Coinciding with Lichtenstein: A Retrospective at the Tate Modern, The Culture Show is featuring Roy Lichtenstein, the American pop artist best known for recreating, or plagiarizing according to some, comic book panels.
Host Alastair Sooke examines his seminal work, Look Mickey (1961):
Here, as if from nowhere, were the hallmarks of his pop style, signature look: flat colors, restrained palette, bold outlines, and actually the use of dots as well to mimic mechanically reproduced imagery. The kind of stuff you’d see in pictures, in newspapers, in magazines. And by doing that, by imitating the real world everyday culture, he was bringing reality into the realm of fine art in a way that the abstract expressionists hadn’t done before him.
On Palatinate, Suzanne Lithgo adds:
What differentiates Lichtenstein from his contemporaries is that he interpreted reality. Andy Warhol depicted reality as it was, by using brand items like Coca Cola and Campbell’s soup, and icons like Marilyn Monroe. However, Lichtenstein used common items without branding, and gave his characters generic names, such as Brad in his ‘Masterpiece’ painted in 1962. This painting, taken from a comic strip and altered by Lichtenstein, perhaps pre-empted Lichtenstein’s future success as an artist.
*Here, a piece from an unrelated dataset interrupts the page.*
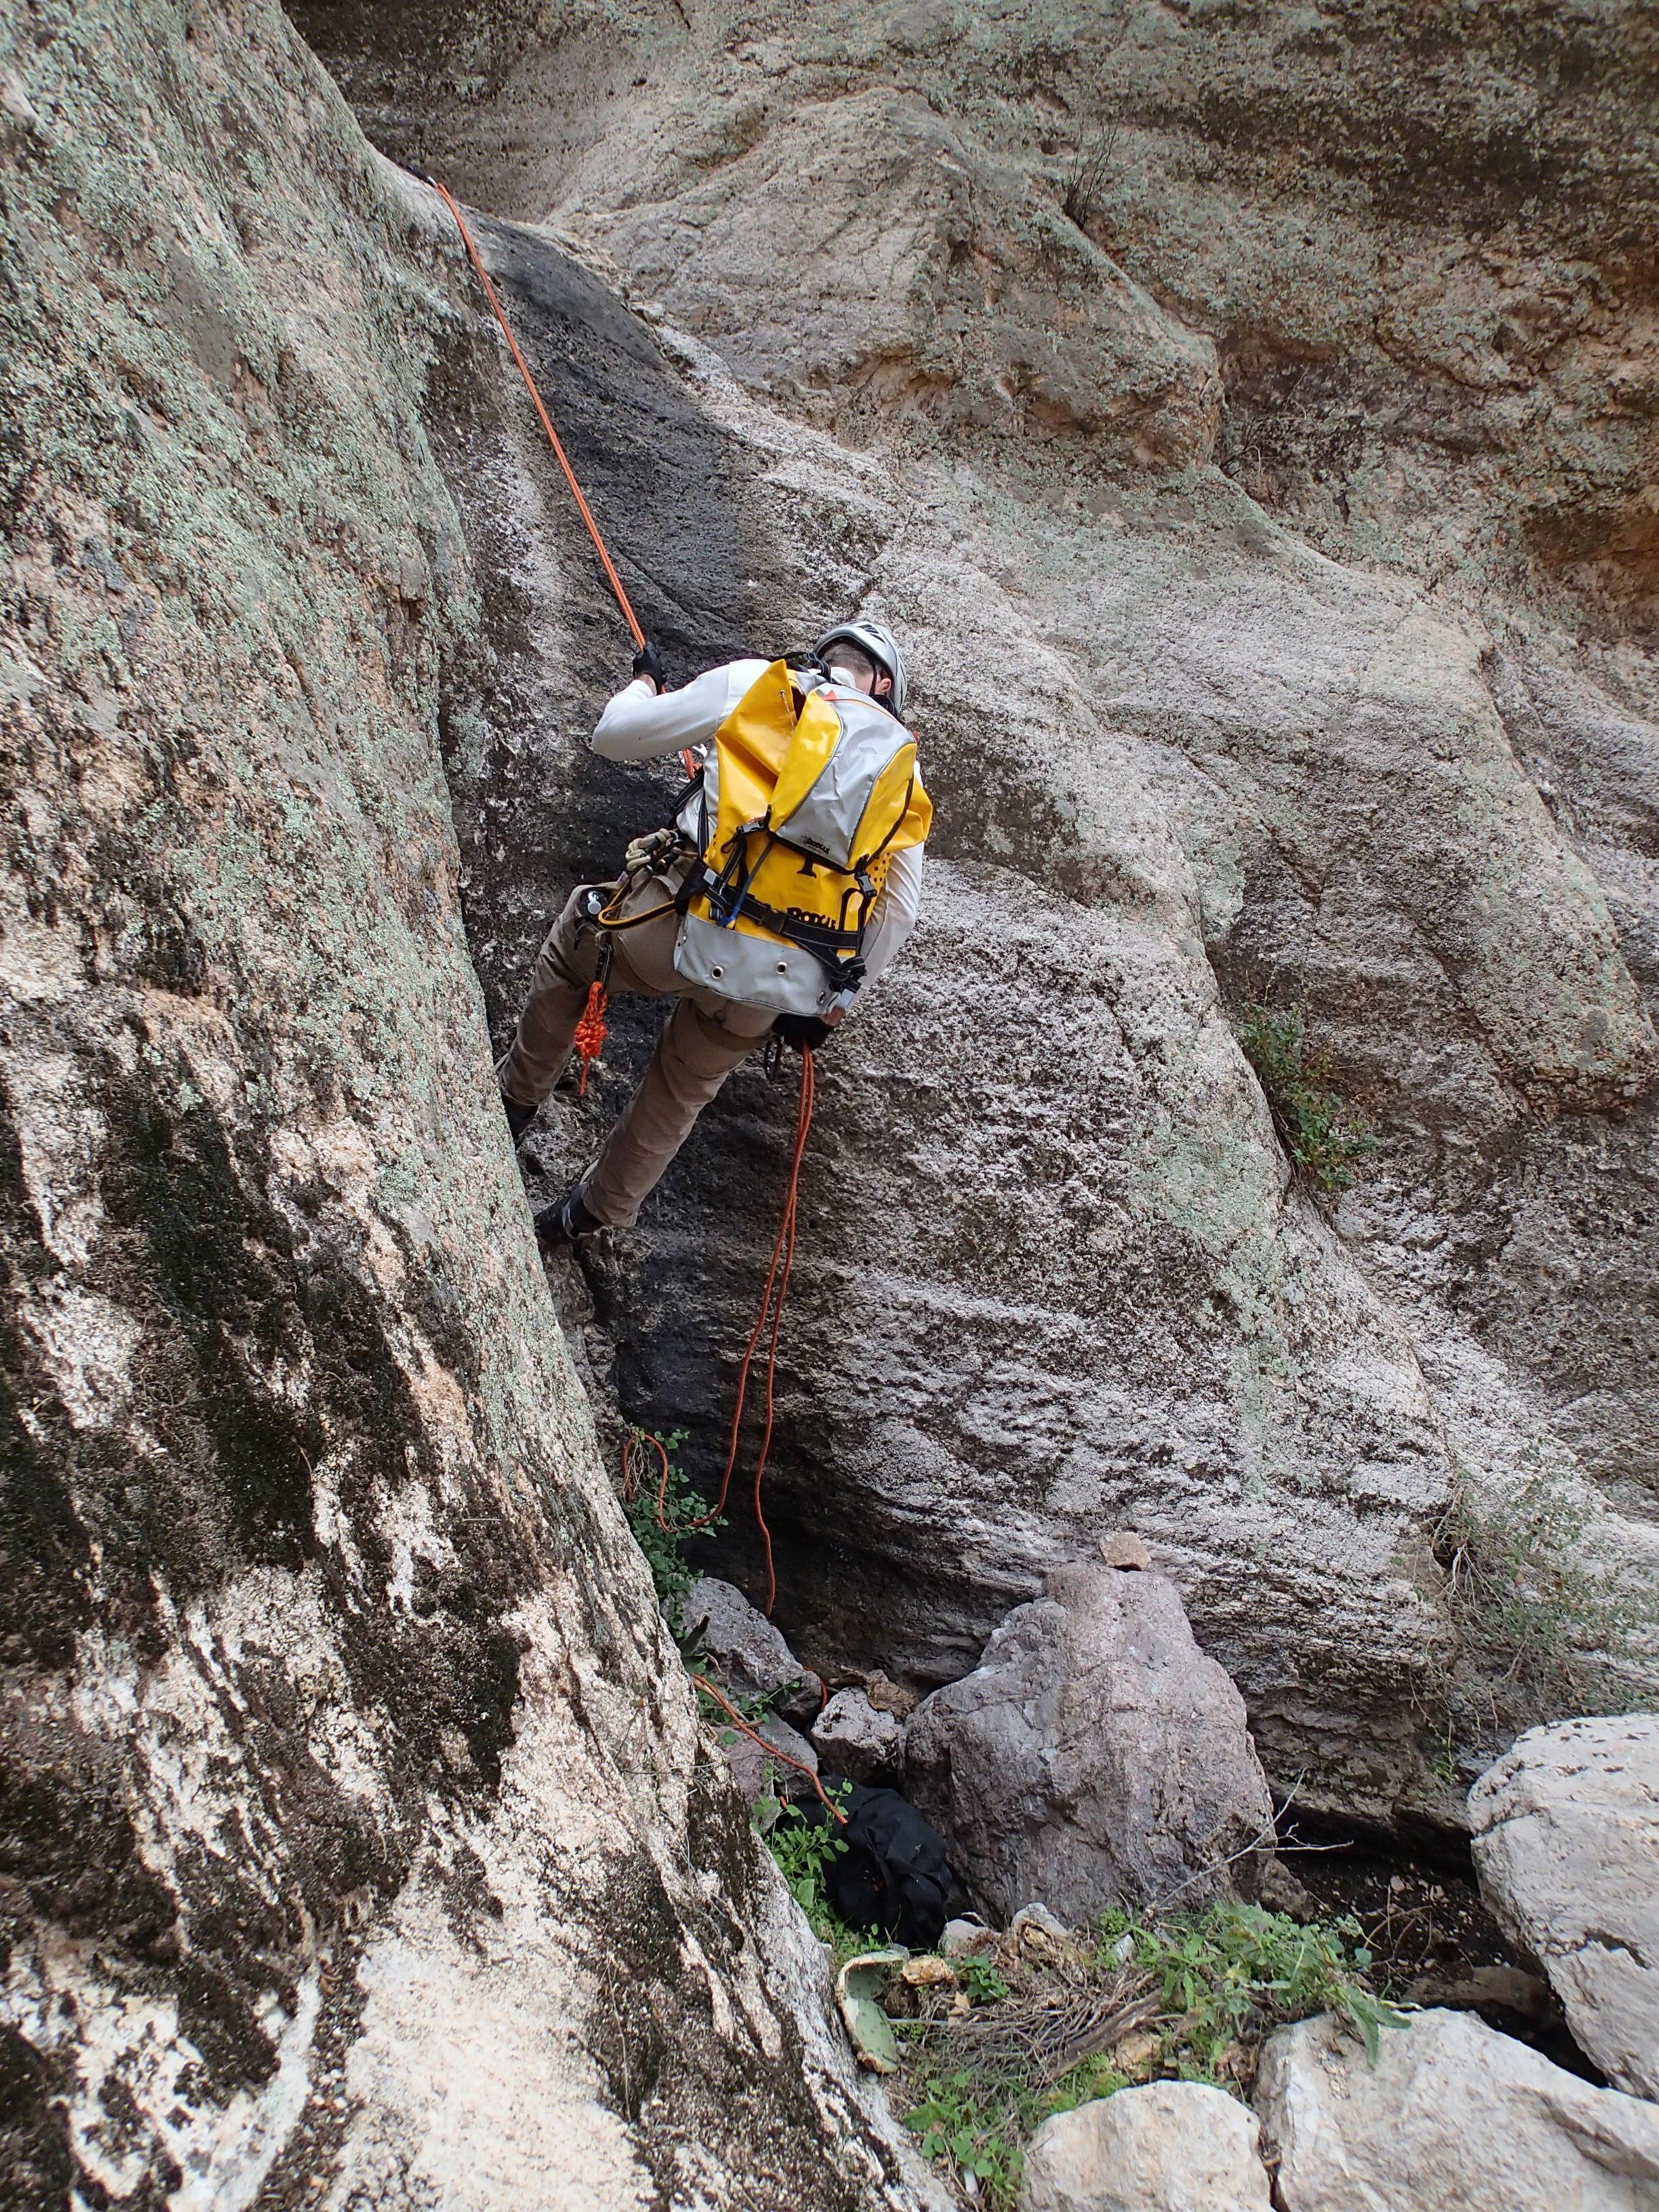 Hurler Canyon - Canyoneering, AZ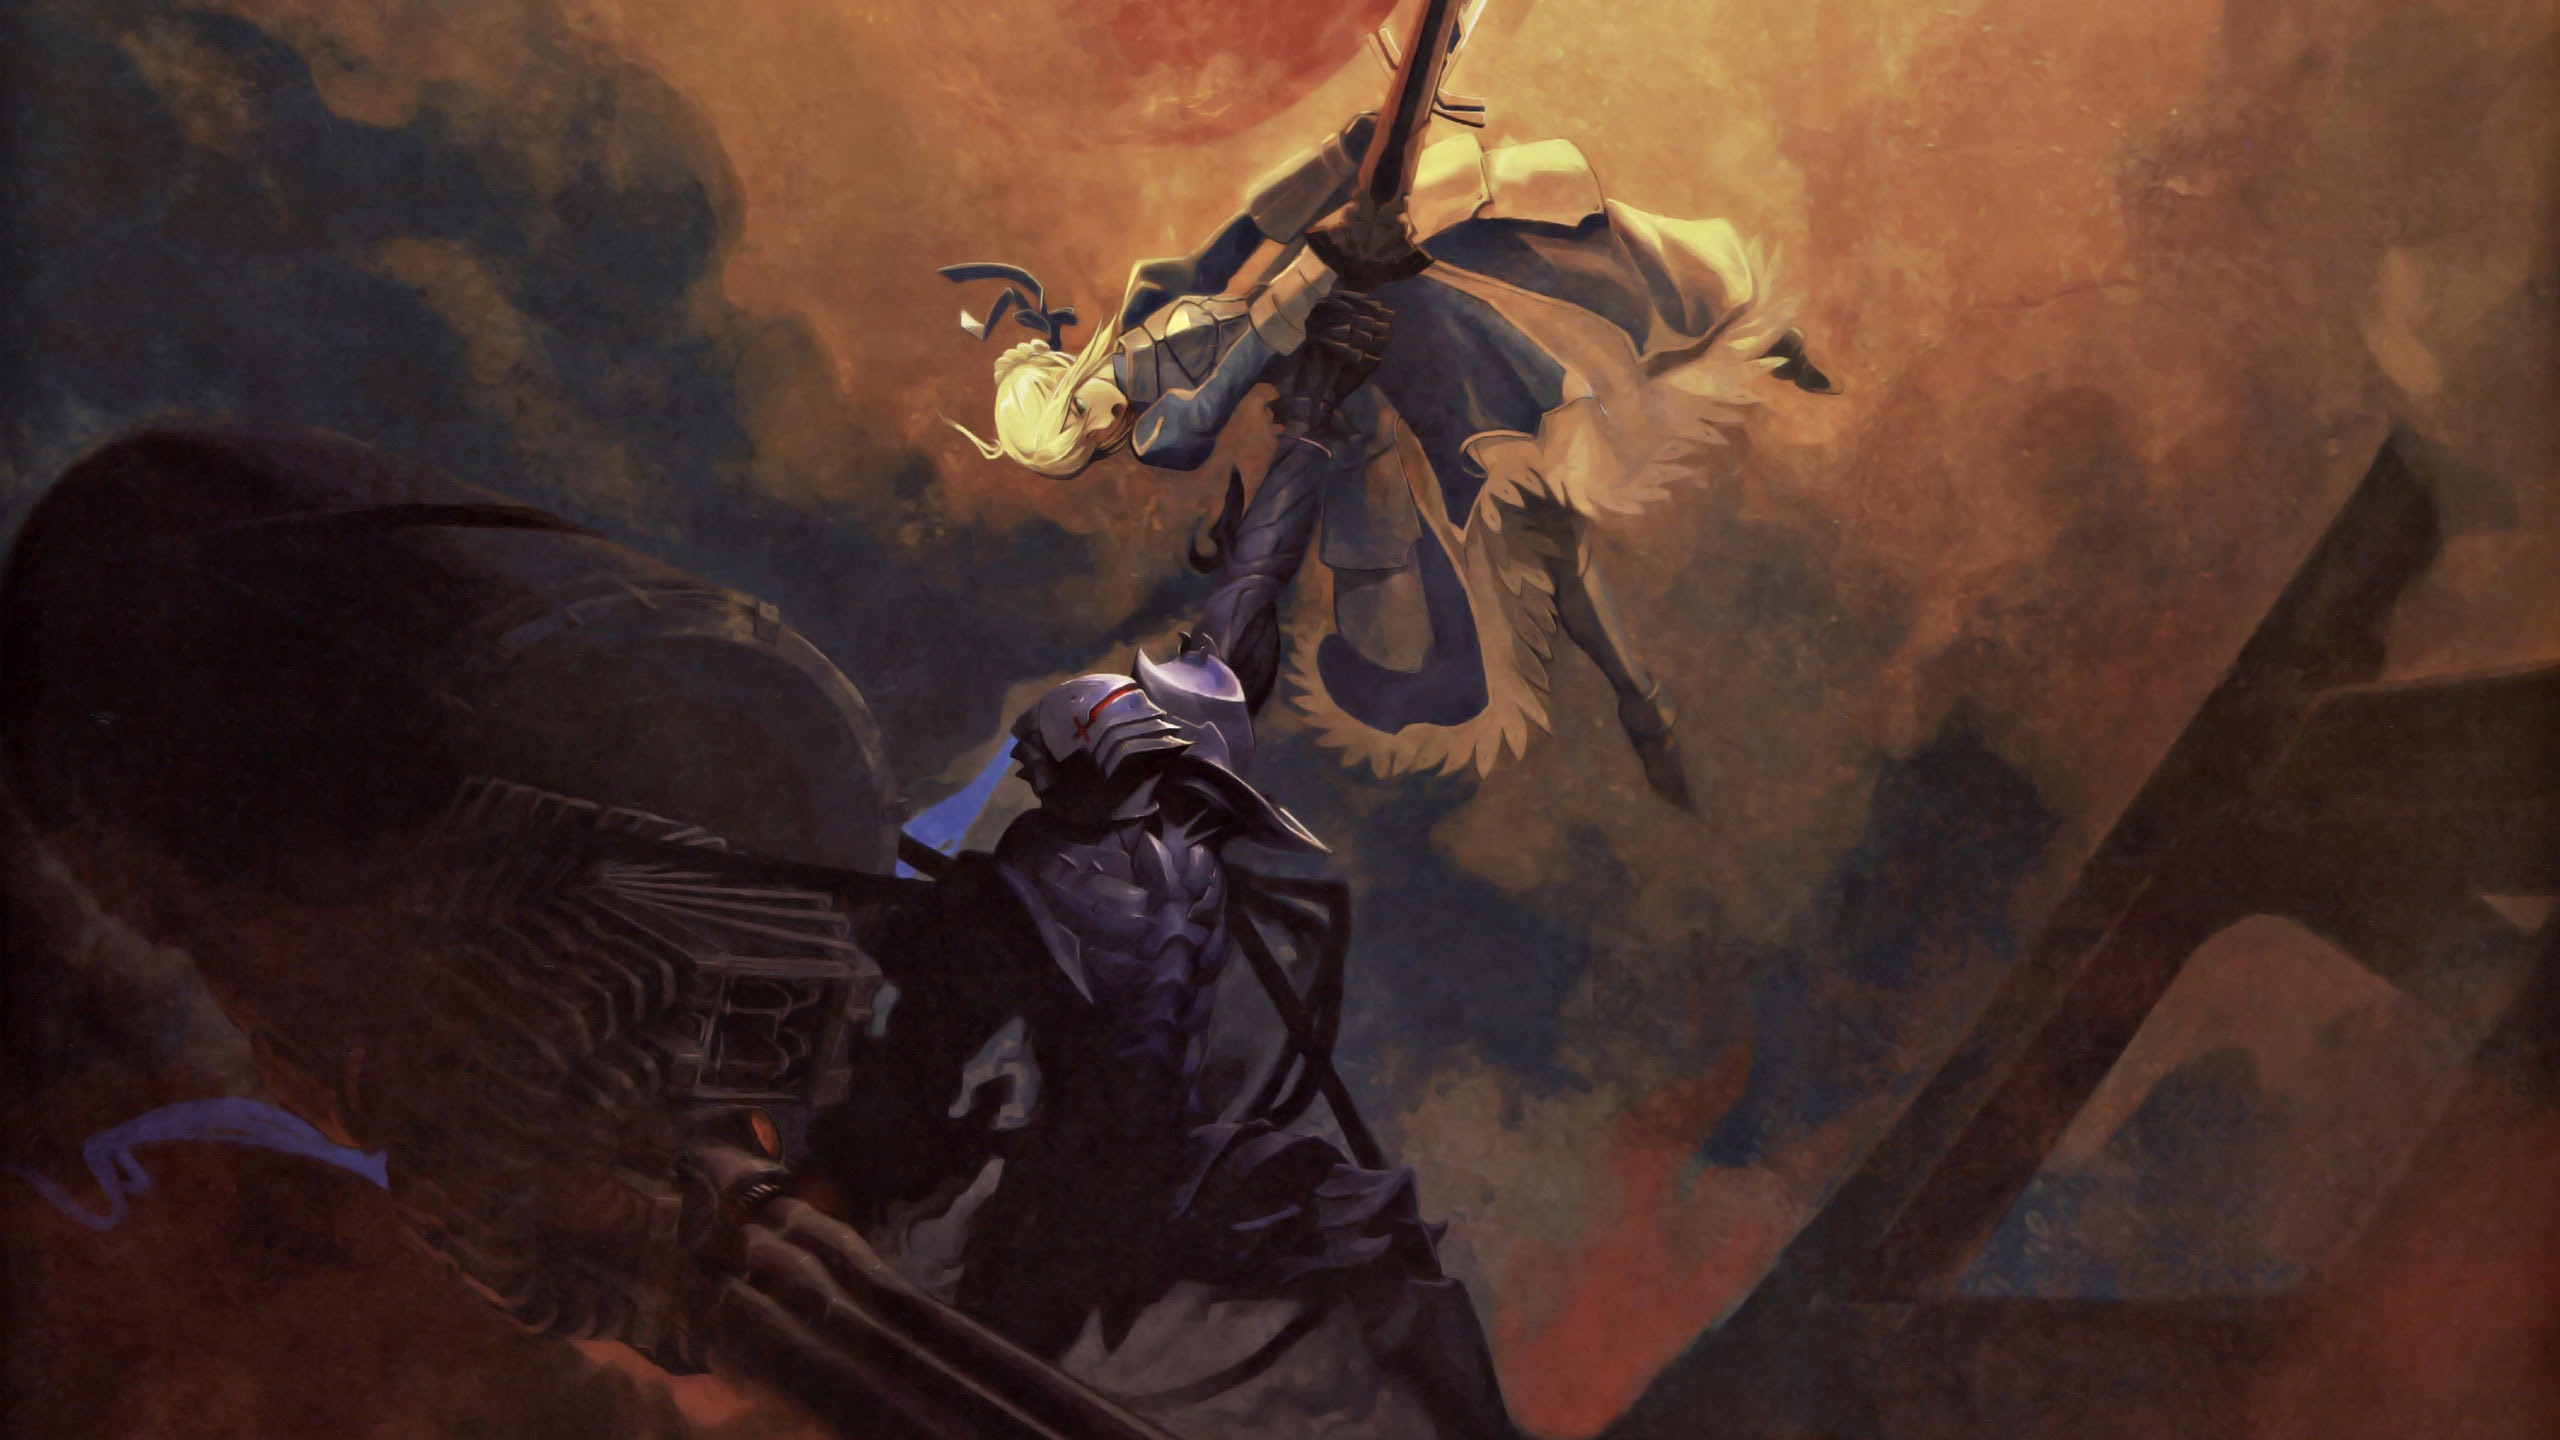 Fate Zero Wallpaper HD - WallpaperSafari

In the same year Lichtenstein had his first one-man show in the Leo Castelli Gallery in New York and would soon have the city clamouring for his work.
Sooke also points out the seeming lack of identity in a Roy Lichtenstein self-portrait that consists of generic items like no-name t-shirt and plain looking mirror against a largely blank background, yet it’s instantly recognizable as a Lichtenstein.
“You could define the paradox of his paintings as Lichtenstein’s law,” says Sooke. “When an artist creates an unmistakable style by appearing vanish into thin air.”